Jeff Zekauskas: Thanks, very much. Can you talk about the state of domestic chlorine demand? At what rate did it grow, say, in 2022? At what rate is it growing today and why?

Scott Sutton: Yes, hey Jeff. Yes, I mean, look, it’s not good. I mean this is why we’re running this value acceleration initiative because the chlorine side of the ECU has returned to be in the weaker side. Those markets are very, very weak. And so we’re not — we’re just not going to participate in those weak markets because it’s a chase down into the mud, and that’s not where we’re going to play. And you can see that in our results in the third quarter as our merchant chlorine price did not decline like may have been published in some of the trade publications. So no, it’s not good, but it’s not getting worse is what I would say. So we’re timing this activation at a point where we can see a future inflection point. The inflection point that we saw was probably three quarters out at least. And this whole activation is about pulling that inflection point forward in terms of ECU values.
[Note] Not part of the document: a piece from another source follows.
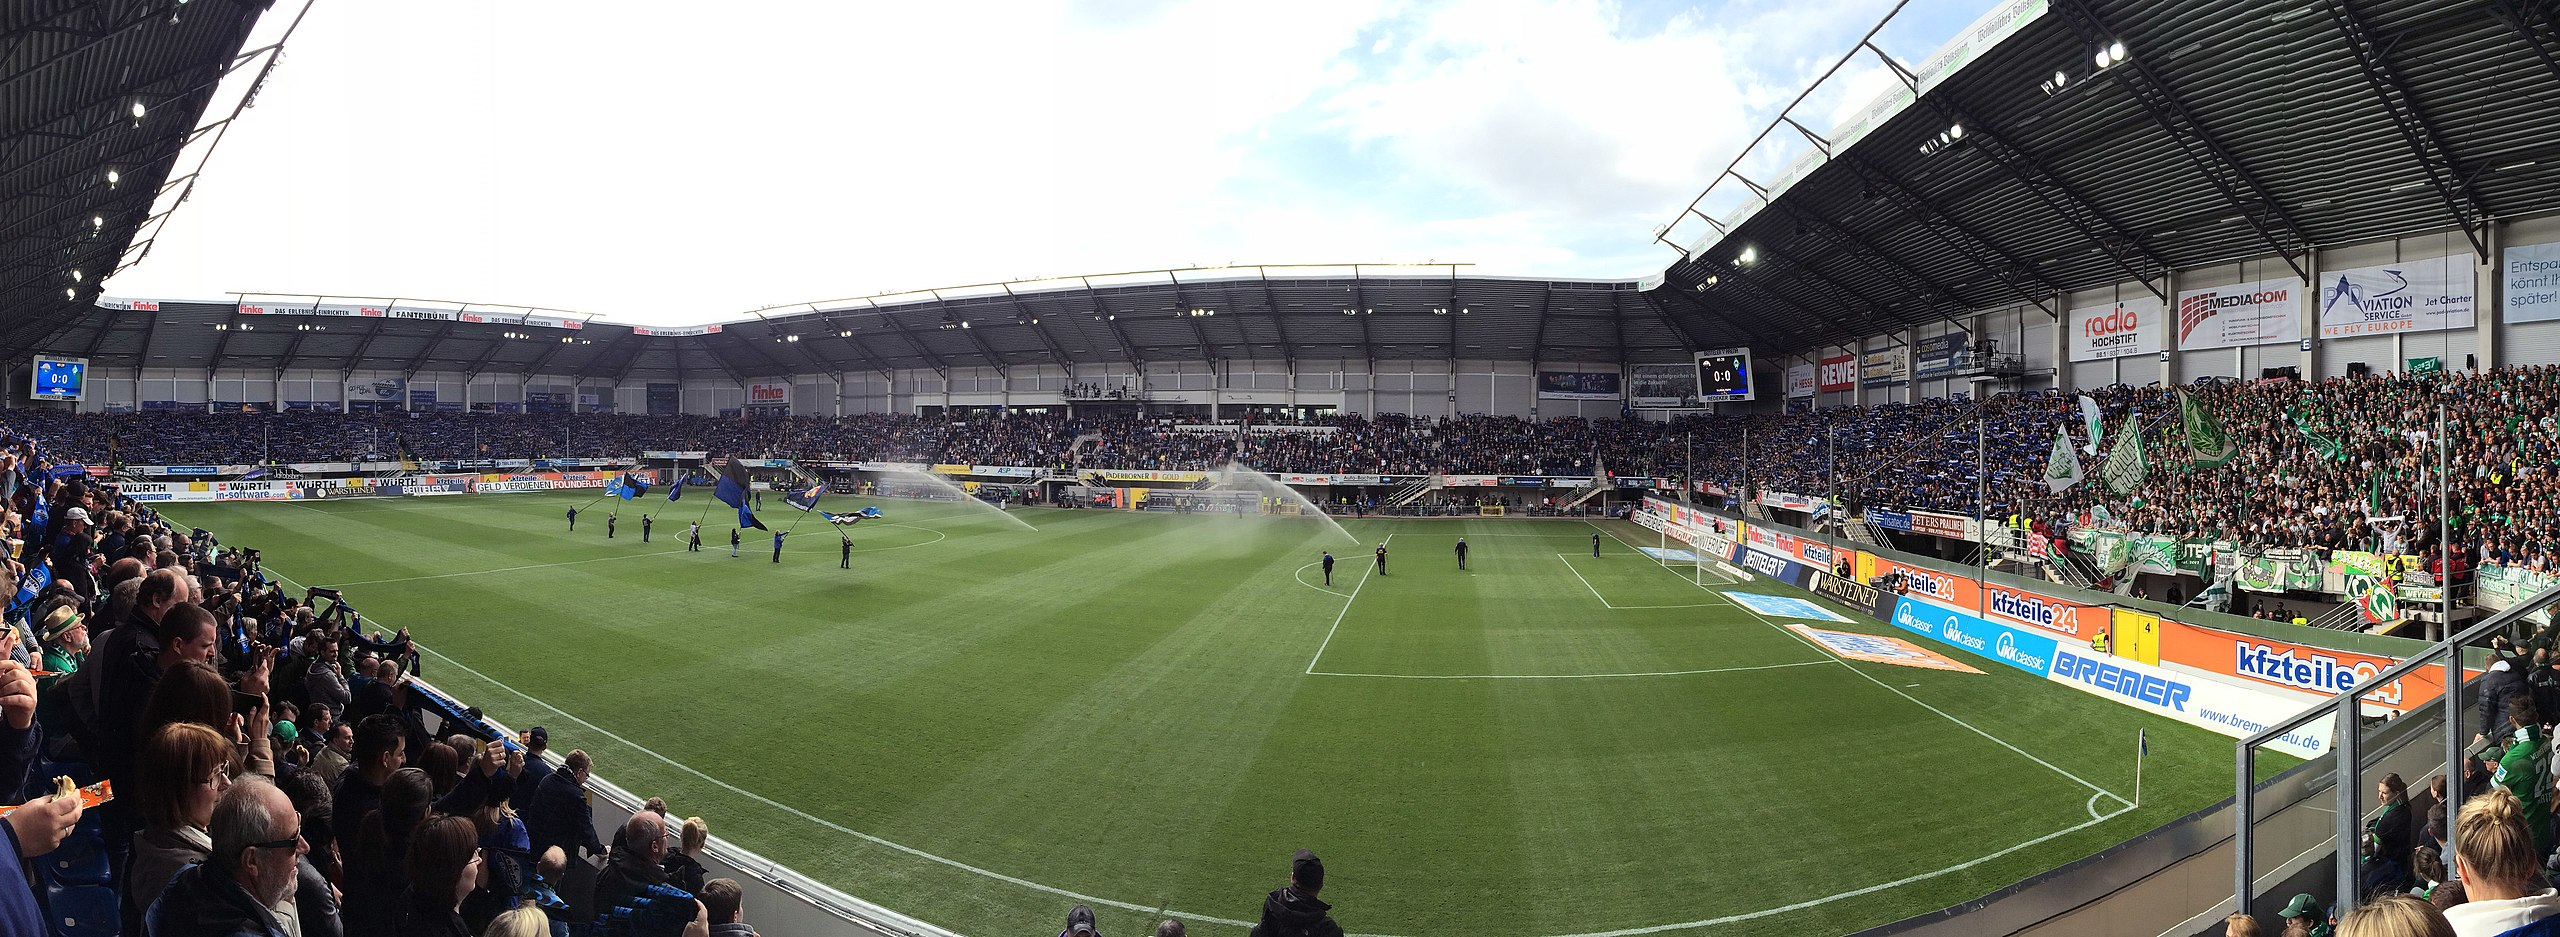 Der SC Paderborn im Blickpunkt

Jeff Zekauskas: Okay. And of the $100 million penalty in the fourth quarter, is it best to understand that penalty as all volume, or is there a certain component of a certain amount of money which has to do with the actual shutdown of the assets?
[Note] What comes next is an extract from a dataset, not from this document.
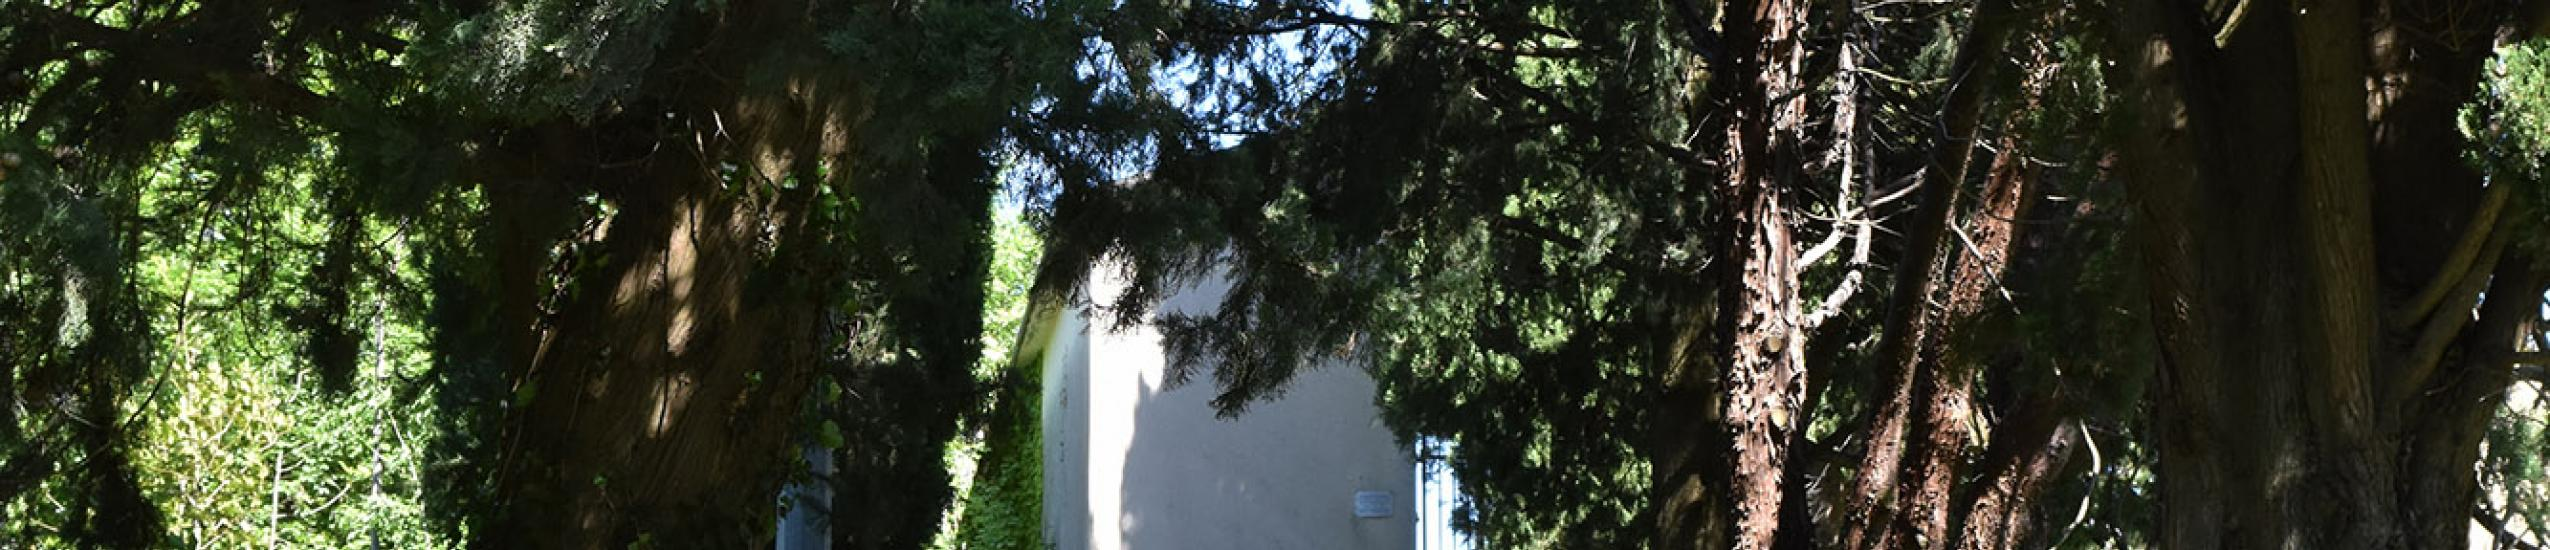 Cimitero Coreglia Ligure (0)

Scott Sutton: Yes. No, it’s not associated with the asset shutdown. I mean, it is 100% nearly just not participating in poor markets. That’s it. So it’s — those volumes are out, out of our system for that quarter.

Jeff Zekauskas: Okay. Great. Thank you.

Operator: The next question comes from Josh Spector from UBS. Please go ahead.

Josh Spector: Yeah. Hi. Thanks. Just curious, as you take down your volumes more as you guys have been hedged on gas cost for most of this year, does this extend the roll-through of some of that higher cost? I guess, is that more of a volume-related hedge or time-related? And just any early thoughts on how that impacts 2024? Thanks.

Todd Slater: Yes. Thanks for the question, Josh. This is Todd. We are hedged for the fourth quarter. We do expect to see sequential improvement in our cost structure just like we saw that in the third quarter sequentially from the second quarter because of our hedge positions.

Josh Spector: Okay. Thanks. And just as your volumes have pulled back, I mean, obviously, you’re deselecting from a lot of different markets. How do you think about what you’re selling into your Epoxy business? I guess, are you taking volumes down there in tandem, or are you parlaying that kind of purchase to other regions?